_Problem to solve_
Return the data below exactly, stopping after the line with "IdeaSoft achievements cover".

_Records provided_
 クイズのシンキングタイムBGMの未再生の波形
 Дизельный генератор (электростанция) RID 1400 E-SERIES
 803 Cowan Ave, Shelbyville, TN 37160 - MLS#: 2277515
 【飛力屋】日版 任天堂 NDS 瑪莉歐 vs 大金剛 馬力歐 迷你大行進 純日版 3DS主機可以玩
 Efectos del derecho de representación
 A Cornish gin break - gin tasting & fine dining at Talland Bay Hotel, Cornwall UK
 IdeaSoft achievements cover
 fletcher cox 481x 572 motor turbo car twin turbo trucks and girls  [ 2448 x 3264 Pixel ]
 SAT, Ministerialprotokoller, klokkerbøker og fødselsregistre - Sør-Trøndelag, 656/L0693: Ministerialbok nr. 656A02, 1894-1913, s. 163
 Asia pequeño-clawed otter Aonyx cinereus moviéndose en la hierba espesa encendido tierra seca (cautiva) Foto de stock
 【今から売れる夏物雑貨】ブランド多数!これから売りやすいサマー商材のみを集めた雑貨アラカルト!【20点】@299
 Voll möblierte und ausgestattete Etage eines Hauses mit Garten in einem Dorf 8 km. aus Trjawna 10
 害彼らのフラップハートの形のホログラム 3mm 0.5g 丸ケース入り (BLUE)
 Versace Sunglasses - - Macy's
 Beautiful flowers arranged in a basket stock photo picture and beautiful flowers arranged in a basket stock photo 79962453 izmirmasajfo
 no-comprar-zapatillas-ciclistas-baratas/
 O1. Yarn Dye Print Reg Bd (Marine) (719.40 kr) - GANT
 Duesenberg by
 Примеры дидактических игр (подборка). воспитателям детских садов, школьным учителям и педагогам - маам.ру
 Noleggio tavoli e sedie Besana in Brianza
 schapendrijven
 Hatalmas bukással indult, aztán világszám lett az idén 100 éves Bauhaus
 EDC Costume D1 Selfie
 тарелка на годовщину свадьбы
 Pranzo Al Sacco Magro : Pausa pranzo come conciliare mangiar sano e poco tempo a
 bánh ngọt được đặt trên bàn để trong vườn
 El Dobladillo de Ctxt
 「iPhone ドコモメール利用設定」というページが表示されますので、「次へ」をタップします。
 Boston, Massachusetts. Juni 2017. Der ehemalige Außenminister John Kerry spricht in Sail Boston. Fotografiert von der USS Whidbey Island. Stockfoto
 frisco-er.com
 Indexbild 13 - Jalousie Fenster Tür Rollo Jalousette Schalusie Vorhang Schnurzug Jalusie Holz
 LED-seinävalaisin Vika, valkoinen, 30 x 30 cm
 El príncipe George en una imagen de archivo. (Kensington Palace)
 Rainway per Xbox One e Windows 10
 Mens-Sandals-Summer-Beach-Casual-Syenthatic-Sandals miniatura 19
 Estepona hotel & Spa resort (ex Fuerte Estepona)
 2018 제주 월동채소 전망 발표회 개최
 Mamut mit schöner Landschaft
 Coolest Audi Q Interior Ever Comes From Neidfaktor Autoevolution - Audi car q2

_Output for this task_
 クイズのシンキングタイムBGMの未再生の波形
 Дизельный генератор (электростанция) RID 1400 E-SERIES
 803 Cowan Ave, Shelbyville, TN 37160 - MLS#: 2277515
 【飛力屋】日版 任天堂 NDS 瑪莉歐 vs 大金剛 馬力歐 迷你大行進 純日版 3DS主機可以玩
 Efectos del derecho de representación
 A Cornish gin break - gin tasting & fine dining at Talland Bay Hotel, Cornwall UK
 IdeaSoft achievements cover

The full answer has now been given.